Just read a Which review of PVRs in their January addition and they have given TiVo a really low score.

It may be that it along with Sky HD was marked down as it had a high power consumption, but it is still disappointing.


----------



## cwaring (Feb 12, 2002)

I guess some people have different priorities and, for Which?, low power was one of them. Wouldn't surprise me if they turned it off over-night then wondered why it didn't record anything


----------



## VirginMediaPhil (Nov 27, 2009)

Here's an older review from November http://blogs.which.co.uk/technology/tv-dvd/virgin-media-tivo-reviewed-by-which-members/


----------



## sjp (Oct 22, 2001)

i'm wondering if the Which demographic (and I was once one of them, my first ISP) is up to the task.

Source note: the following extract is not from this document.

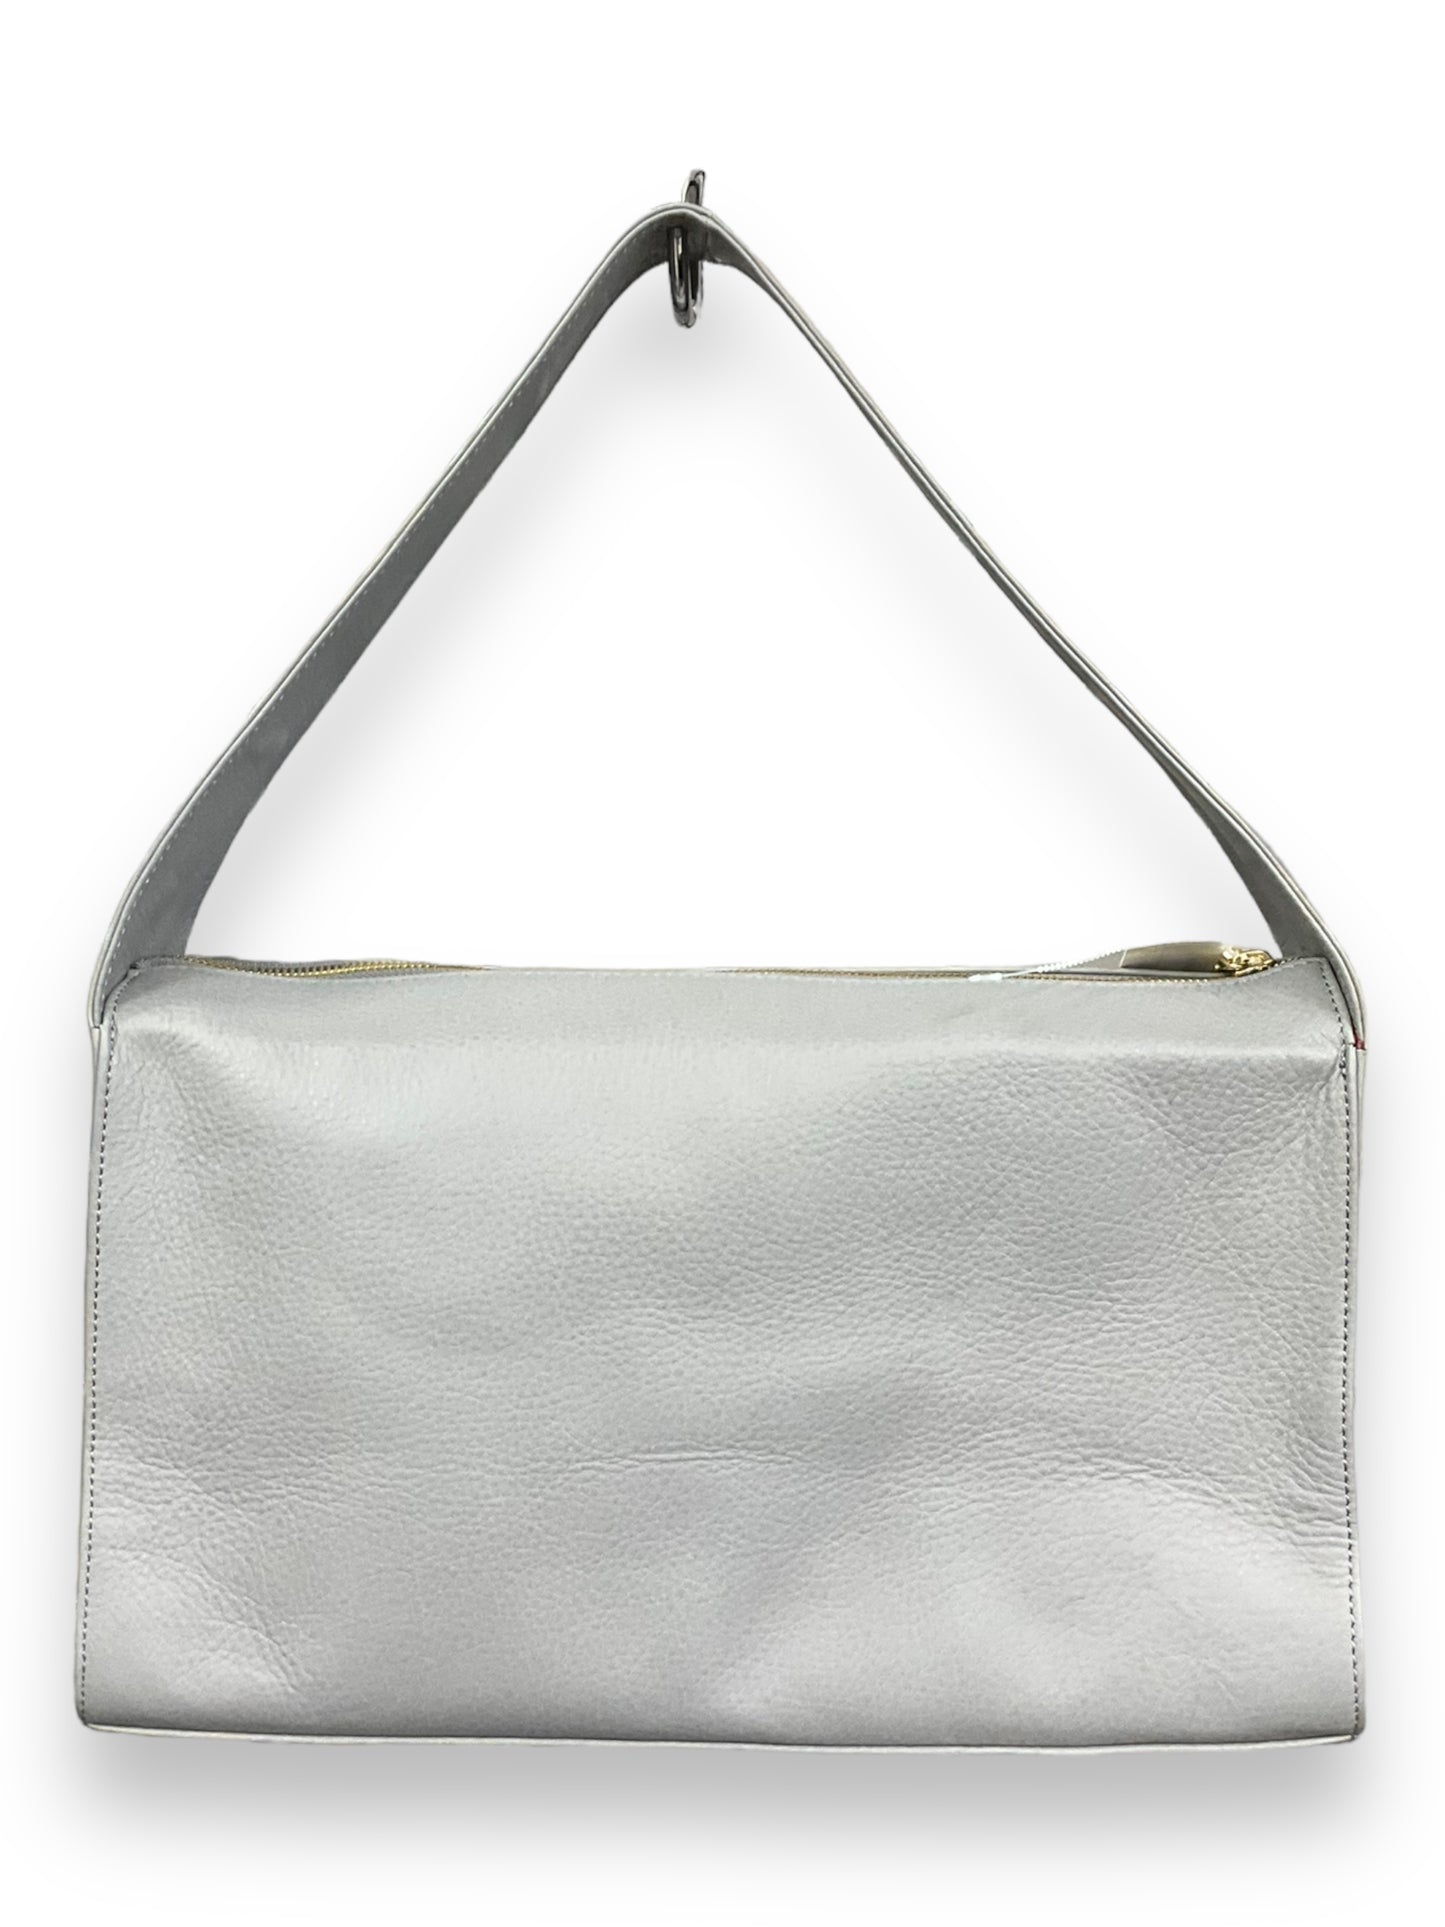 Handbag Designer By Cmb  Size: Large

stands back and waits for the Which subscribers to start throwing things at me


----------



## cwaring (Feb 12, 2002)

I'd love to see a copy of the review if anyone here is a subscriber. If only to pick it to bits


----------



## Major dude (Oct 28, 2002)

cwaring said:


> I'd love to see a copy of the review if anyone here is a subscriber. If only to pick it to bits


That is the worst part - it did not even merit a mention in the text of the main body of the report that that i saw, just a low score in the round up table at the end of the review.


----------



## laurence (Jun 17, 2007)

I was surprised that the only thing after the TiVo was the v+.
http://www.which.co.uk/technology/tv-and-dvd/reviews/pvrs/ 
Then I realised it was alphabetical! 
Might subscribe, be interesting to see what they think.
I suppose they might score it down because they assume most people looking for a pvr aren't interested in subscription tv. That would explain sky being low on the list too.


----------



## laurence (Jun 17, 2007)

VirginMediaPhil said:


> Here's an older review from November http://blogs.which.co.uk/technology/tv-dvd/virgin-media-tivo-reviewed-by-which-members/


That review was done before the much needed updates. I wonder if that was the basis for the more recent one too. It is miles better now. Without the update, I'd have ditched it and got the S1 out of the loft.
I still dream of a new freeview TiVo being released in the uk.


----------